- [What you should do]: Look through the records and copy each line that has "kaufen" in it.

- [Data excerpts]:
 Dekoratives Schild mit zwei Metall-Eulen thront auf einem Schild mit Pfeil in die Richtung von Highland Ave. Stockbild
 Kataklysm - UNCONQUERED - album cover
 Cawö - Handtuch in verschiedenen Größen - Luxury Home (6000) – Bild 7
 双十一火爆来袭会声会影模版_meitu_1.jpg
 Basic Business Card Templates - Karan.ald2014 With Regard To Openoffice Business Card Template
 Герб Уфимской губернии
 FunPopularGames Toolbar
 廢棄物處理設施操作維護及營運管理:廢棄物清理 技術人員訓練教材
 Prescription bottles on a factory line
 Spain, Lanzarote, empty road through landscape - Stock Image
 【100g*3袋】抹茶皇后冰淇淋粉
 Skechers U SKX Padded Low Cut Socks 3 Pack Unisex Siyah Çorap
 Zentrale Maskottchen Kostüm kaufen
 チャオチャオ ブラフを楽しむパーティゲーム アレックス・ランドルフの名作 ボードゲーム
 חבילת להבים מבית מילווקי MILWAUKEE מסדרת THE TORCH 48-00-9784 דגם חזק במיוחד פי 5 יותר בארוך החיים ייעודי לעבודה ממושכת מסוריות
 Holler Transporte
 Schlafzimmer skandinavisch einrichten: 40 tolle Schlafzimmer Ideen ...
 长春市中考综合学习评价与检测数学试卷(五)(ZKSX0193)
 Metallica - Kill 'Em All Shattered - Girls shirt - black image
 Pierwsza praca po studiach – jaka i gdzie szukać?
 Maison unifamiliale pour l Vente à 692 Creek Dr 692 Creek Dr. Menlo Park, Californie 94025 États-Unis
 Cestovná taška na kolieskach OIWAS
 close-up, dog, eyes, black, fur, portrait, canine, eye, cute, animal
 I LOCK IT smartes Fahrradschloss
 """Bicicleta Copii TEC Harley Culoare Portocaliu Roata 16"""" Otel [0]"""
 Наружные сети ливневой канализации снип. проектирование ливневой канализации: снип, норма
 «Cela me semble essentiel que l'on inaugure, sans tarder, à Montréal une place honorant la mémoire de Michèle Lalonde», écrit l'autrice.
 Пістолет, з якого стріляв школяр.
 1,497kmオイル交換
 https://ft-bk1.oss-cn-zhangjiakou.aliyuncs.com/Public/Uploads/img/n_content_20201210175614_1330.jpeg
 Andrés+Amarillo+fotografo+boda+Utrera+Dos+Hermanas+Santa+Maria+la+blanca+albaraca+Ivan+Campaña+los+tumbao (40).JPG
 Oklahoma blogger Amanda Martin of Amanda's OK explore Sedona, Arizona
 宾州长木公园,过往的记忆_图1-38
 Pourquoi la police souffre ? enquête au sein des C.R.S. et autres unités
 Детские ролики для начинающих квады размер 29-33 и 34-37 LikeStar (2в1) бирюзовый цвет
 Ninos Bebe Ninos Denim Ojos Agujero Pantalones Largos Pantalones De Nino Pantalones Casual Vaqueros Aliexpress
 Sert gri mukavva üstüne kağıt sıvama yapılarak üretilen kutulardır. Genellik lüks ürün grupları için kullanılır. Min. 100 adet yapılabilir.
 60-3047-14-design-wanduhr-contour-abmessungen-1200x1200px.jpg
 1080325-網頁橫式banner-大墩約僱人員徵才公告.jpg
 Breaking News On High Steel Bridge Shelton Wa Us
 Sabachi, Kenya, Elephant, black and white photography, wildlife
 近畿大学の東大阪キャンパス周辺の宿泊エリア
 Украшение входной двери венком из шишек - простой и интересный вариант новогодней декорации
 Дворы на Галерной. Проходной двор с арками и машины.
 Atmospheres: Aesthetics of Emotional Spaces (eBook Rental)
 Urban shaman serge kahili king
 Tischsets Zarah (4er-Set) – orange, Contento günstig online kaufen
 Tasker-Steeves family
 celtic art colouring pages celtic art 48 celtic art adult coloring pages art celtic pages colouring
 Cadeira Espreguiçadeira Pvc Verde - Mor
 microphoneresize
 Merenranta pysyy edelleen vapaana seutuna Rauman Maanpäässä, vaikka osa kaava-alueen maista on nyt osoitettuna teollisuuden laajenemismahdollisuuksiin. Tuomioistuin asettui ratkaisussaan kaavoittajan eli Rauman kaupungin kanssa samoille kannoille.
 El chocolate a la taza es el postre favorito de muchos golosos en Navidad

- [Your solution]:
 Zentrale Maskottchen Kostüm kaufen
 Tischsets Zarah (4er-Set) – orange, Contento günstig online kaufen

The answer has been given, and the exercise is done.